Interactions between onco-metabolic signaling and epigenetic machinery are relevant to accurate identification and understanding of the epigenetic state of specific cancer cells, thereby aiding their targeting for better therapeutic response. Decoding the dynamic epigenetic landscape at the level of metabolic molecular mechanisms will be crucial for enhancing the efficacy of Epi-Drugs, used in combination therapy. Importantly, due to tumor metabolic heterogeneity, the same epigenetic therapy cannot simply be assigned to all patients of a particular cancer type.

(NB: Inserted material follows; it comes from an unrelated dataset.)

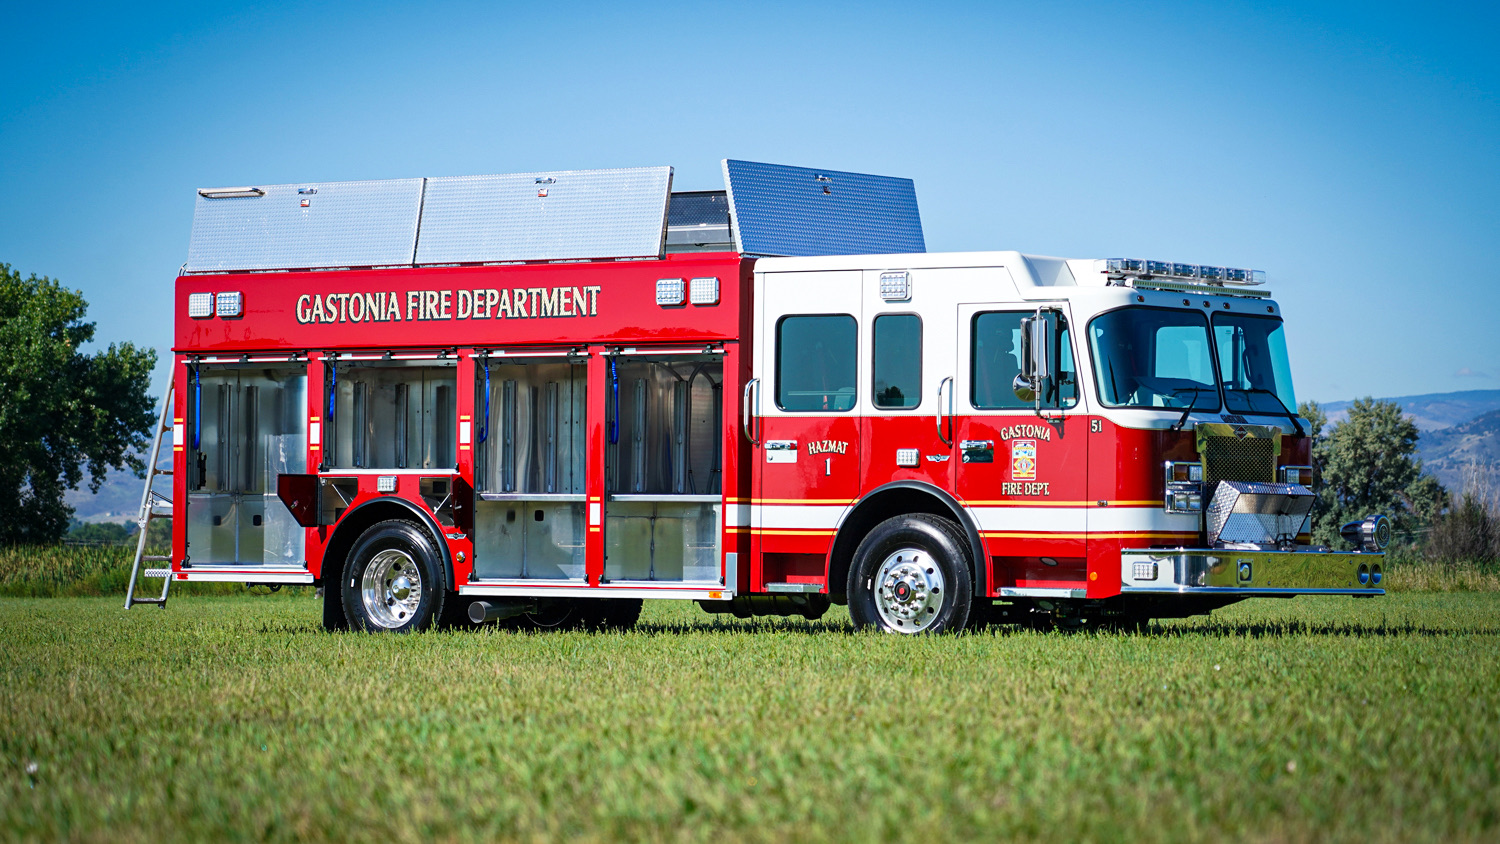 Featured image for “Gastonia Fire Department, Gastonia (NC) Hazmat #1231”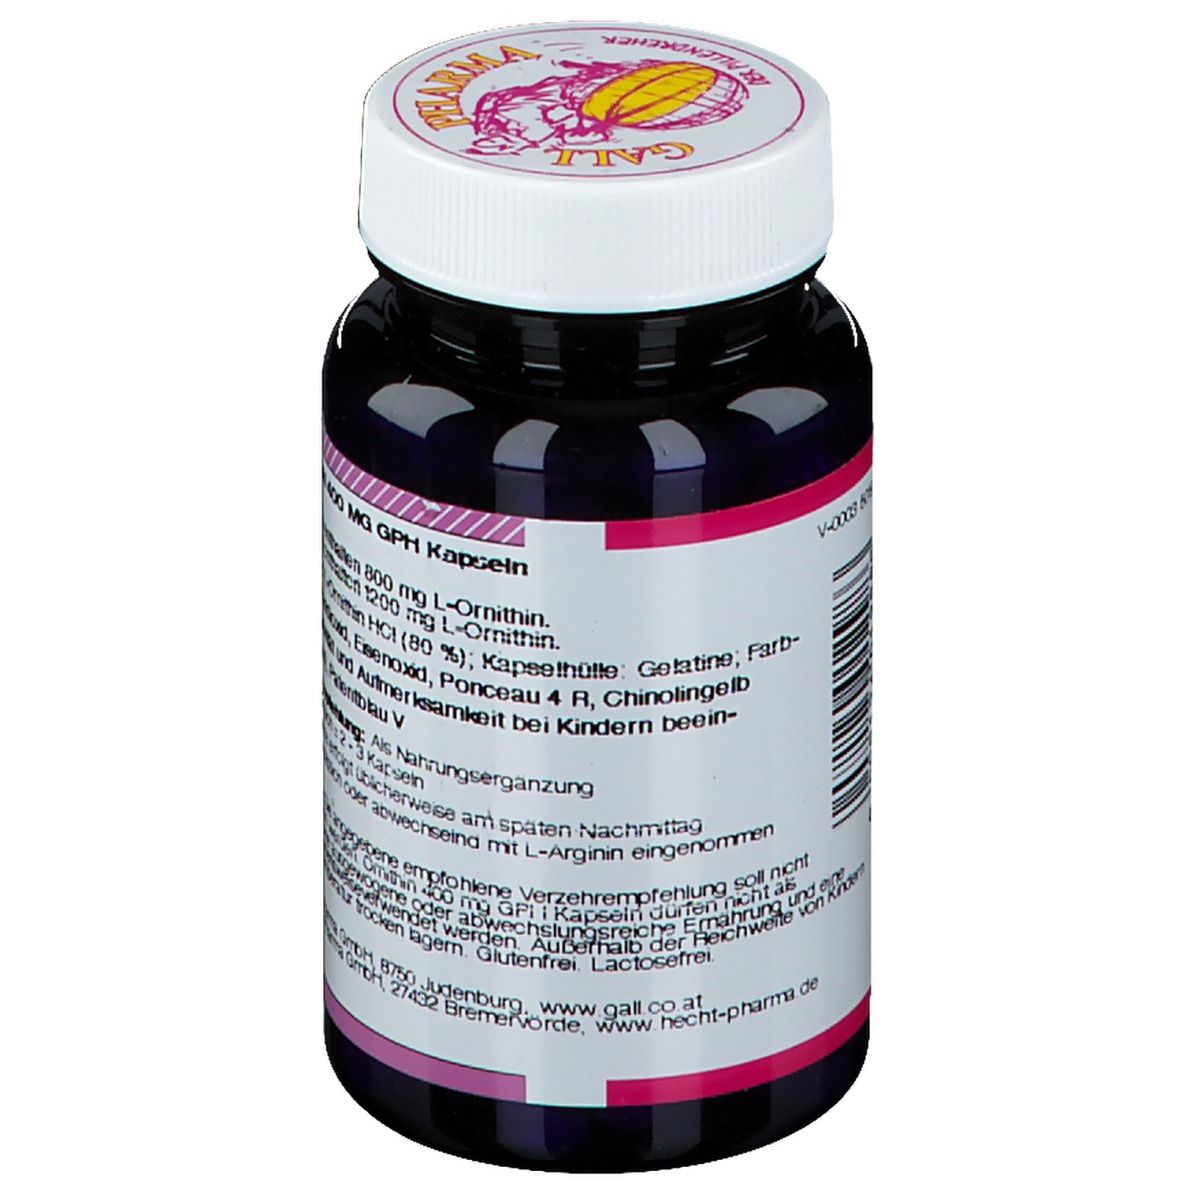 GALL PHARMA Ornithin 400 mg GPH Kapseln

Pre, post, and during treatment, genome-wide analysis followed by metabolic tumor profiling promises to assist in designing personalized epi-metabolic therapy and thereby minimize resistance and disease relapse. Yet, the important potential to synergistically target the two cancer hallmarks of altered metabolism and epigenetics will likely require improved and comprehensive dynamic network models. Successful models will capture the interwoven interactions of epigenetic regulation and altered metabolic activities plus their temporal and spatial interconnection with tumor microenvironment and other pathways including DNA damage responses. Ongoing advancements in these fields are anticipated to open new paths to development of successful mechanism-based epi-metabolic therapies as an essential component in advanced comprehensive and precision breast cancer treatment.